- **DATA SECTION**:
"""

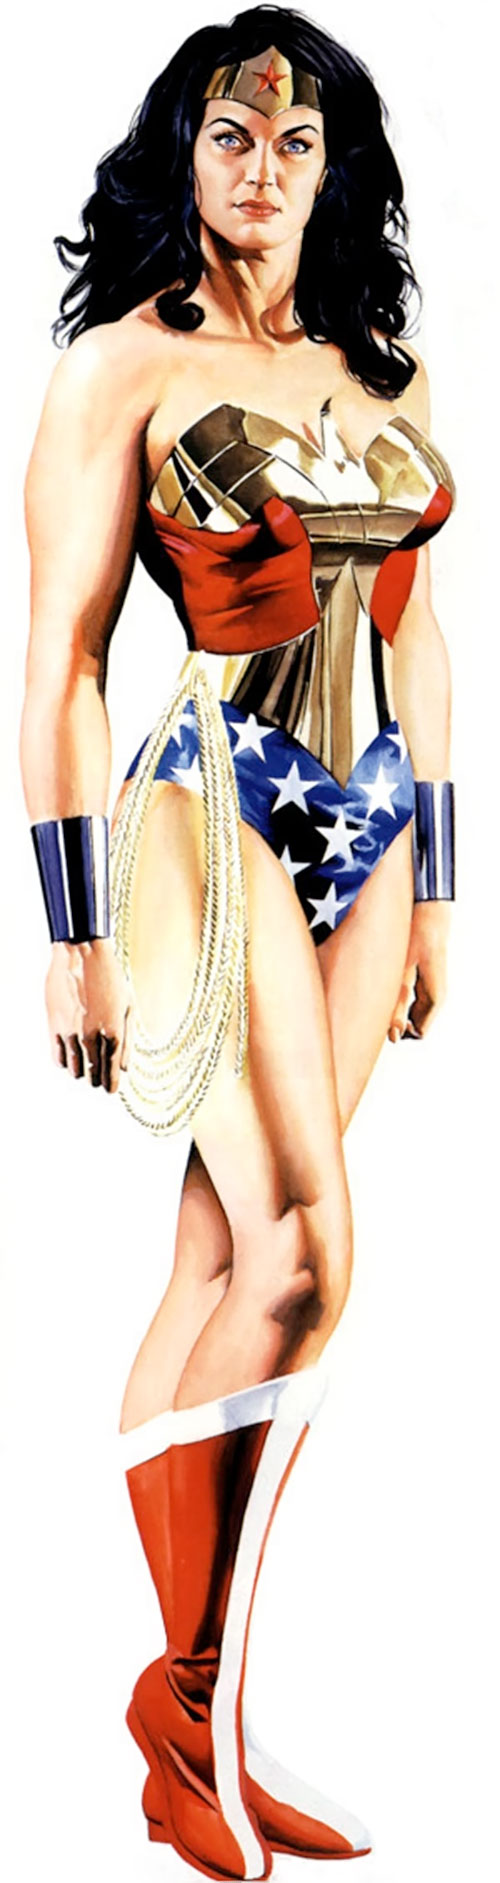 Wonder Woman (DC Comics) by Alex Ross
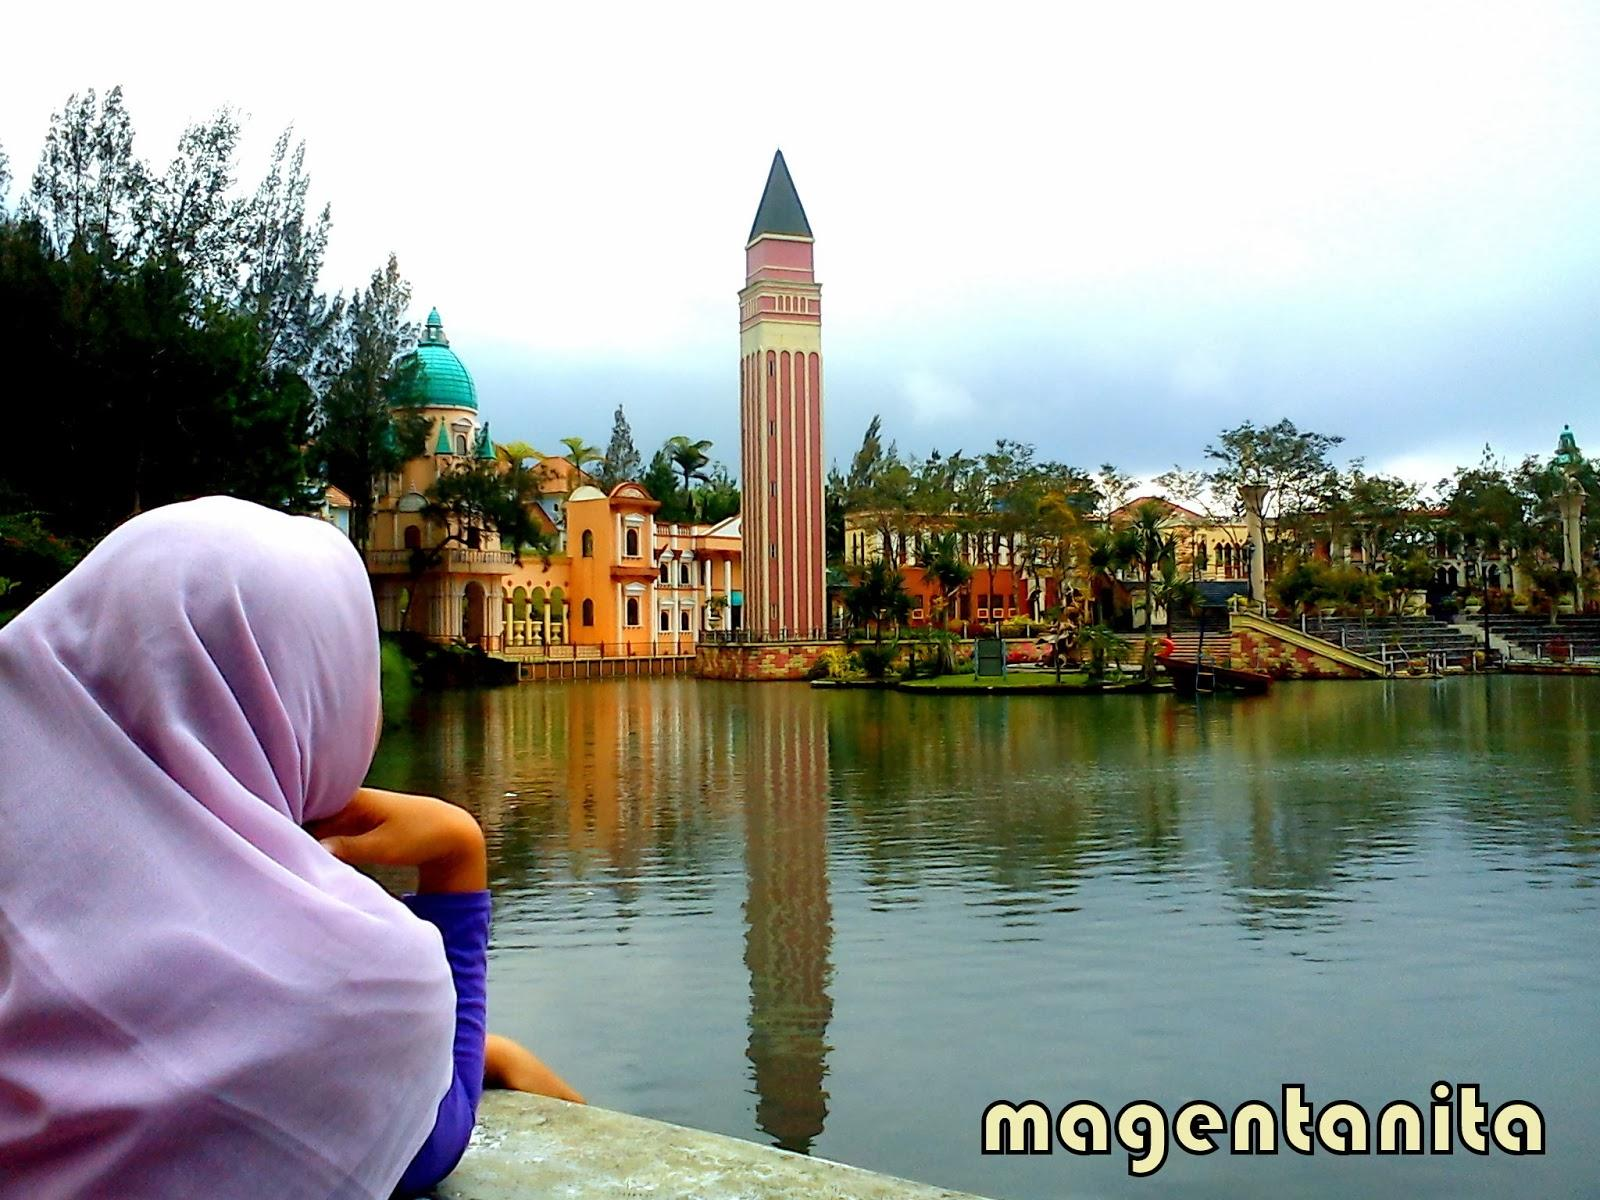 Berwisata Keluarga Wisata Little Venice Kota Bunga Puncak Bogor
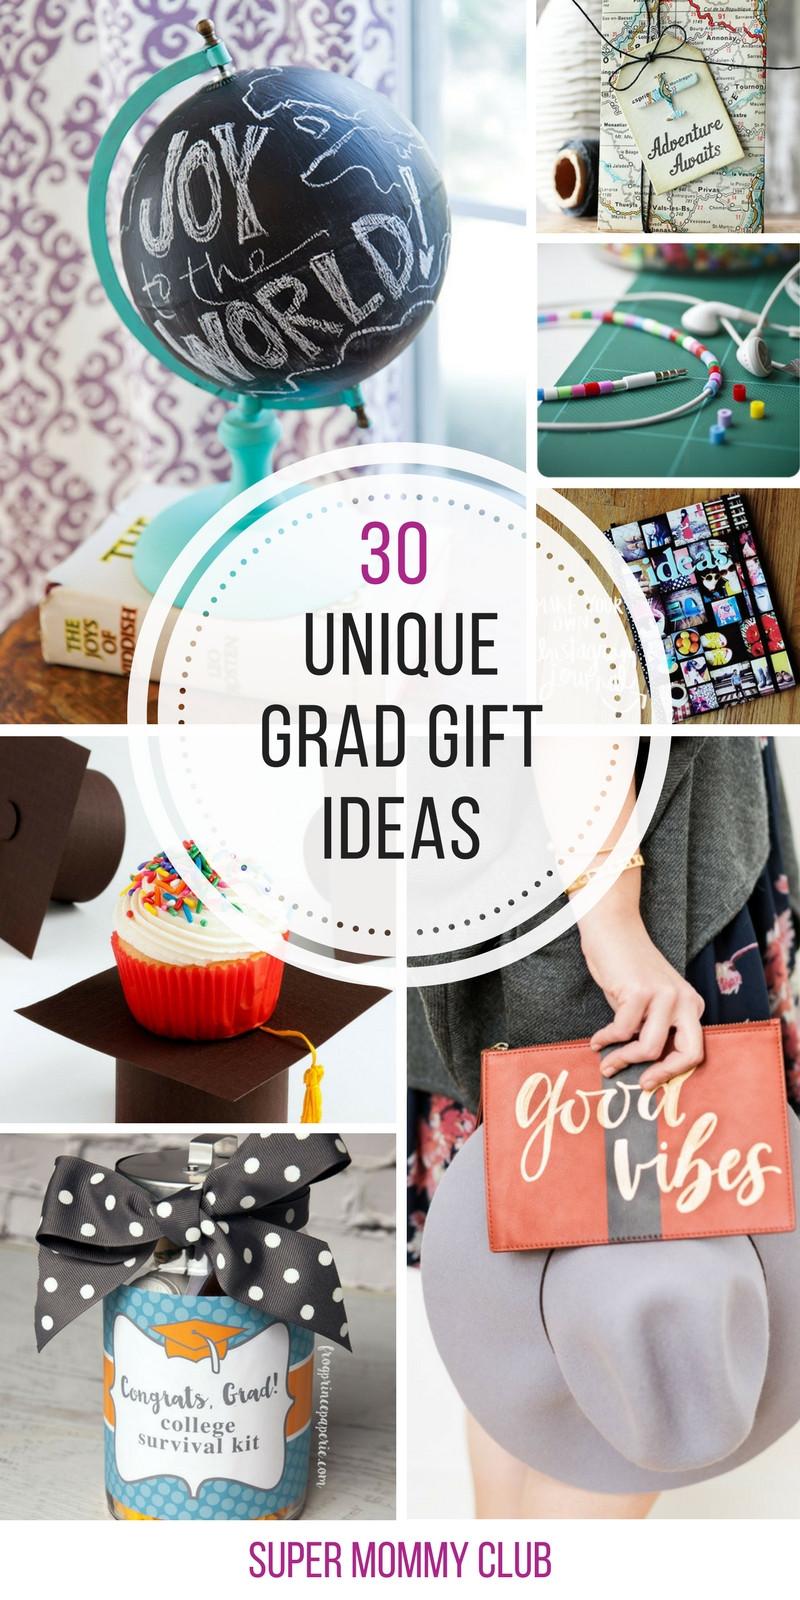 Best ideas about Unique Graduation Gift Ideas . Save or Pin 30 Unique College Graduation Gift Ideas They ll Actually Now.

"""

- **TASK GOAL**: Line by line, restate the data above exactly as it stands, minus the pictures.

- **EXERCISE RESULT**:
 Wonder Woman (DC Comics) by Alex Ross
 Berwisata Keluarga Wisata Little Venice Kota Bunga Puncak Bogor
 Best ideas about Unique Graduation Gift Ideas . Save or Pin 30 Unique College Graduation Gift Ideas They ll Actually Now.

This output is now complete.